-------- Record set --------

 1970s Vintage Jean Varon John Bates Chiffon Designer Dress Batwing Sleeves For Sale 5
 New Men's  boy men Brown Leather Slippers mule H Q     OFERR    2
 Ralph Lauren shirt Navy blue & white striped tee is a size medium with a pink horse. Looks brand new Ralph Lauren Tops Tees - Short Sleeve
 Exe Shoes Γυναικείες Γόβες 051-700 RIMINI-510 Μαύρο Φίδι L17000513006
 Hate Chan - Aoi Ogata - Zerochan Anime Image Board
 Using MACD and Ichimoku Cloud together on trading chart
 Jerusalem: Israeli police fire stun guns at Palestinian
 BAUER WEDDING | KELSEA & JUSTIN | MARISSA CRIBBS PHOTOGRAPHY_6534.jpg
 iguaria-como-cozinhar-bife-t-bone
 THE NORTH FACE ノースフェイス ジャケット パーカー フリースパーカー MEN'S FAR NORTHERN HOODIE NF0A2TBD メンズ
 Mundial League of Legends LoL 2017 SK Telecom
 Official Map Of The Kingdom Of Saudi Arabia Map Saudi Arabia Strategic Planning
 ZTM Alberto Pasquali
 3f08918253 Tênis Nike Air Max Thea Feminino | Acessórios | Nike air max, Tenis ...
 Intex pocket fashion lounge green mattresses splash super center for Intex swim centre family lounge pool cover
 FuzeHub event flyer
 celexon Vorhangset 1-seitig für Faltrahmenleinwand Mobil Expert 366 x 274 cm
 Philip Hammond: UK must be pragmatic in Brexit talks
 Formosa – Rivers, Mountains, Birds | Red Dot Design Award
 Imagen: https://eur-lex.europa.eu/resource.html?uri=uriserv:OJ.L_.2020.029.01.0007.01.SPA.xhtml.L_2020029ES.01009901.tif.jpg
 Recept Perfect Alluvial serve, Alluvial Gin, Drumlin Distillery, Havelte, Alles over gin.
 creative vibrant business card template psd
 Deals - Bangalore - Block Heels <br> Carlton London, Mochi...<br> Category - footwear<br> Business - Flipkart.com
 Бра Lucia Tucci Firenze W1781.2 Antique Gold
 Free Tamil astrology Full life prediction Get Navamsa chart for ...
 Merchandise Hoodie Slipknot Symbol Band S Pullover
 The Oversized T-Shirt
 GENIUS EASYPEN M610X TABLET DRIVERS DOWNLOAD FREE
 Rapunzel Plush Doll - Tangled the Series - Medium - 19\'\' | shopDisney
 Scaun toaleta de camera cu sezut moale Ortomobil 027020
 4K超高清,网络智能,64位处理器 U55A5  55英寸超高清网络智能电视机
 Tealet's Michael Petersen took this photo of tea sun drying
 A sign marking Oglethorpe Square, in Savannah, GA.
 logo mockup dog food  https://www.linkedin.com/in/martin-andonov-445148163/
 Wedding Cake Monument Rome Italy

--------

__Directions for this task__: Look back at the entries above. Retype the line with "BAUER WEDDING |", the line with "3f08918253 Tênis Nike", and all lines in between.

__Task response__:
 BAUER WEDDING | KELSEA & JUSTIN | MARISSA CRIBBS PHOTOGRAPHY_6534.jpg
 iguaria-como-cozinhar-bife-t-bone
 THE NORTH FACE ノースフェイス ジャケット パーカー フリースパーカー MEN'S FAR NORTHERN HOODIE NF0A2TBD メンズ
 Mundial League of Legends LoL 2017 SK Telecom
 Official Map Of The Kingdom Of Saudi Arabia Map Saudi Arabia Strategic Planning
 ZTM Alberto Pasquali
 3f08918253 Tênis Nike Air Max Thea Feminino | Acessórios | Nike air max, Tenis ...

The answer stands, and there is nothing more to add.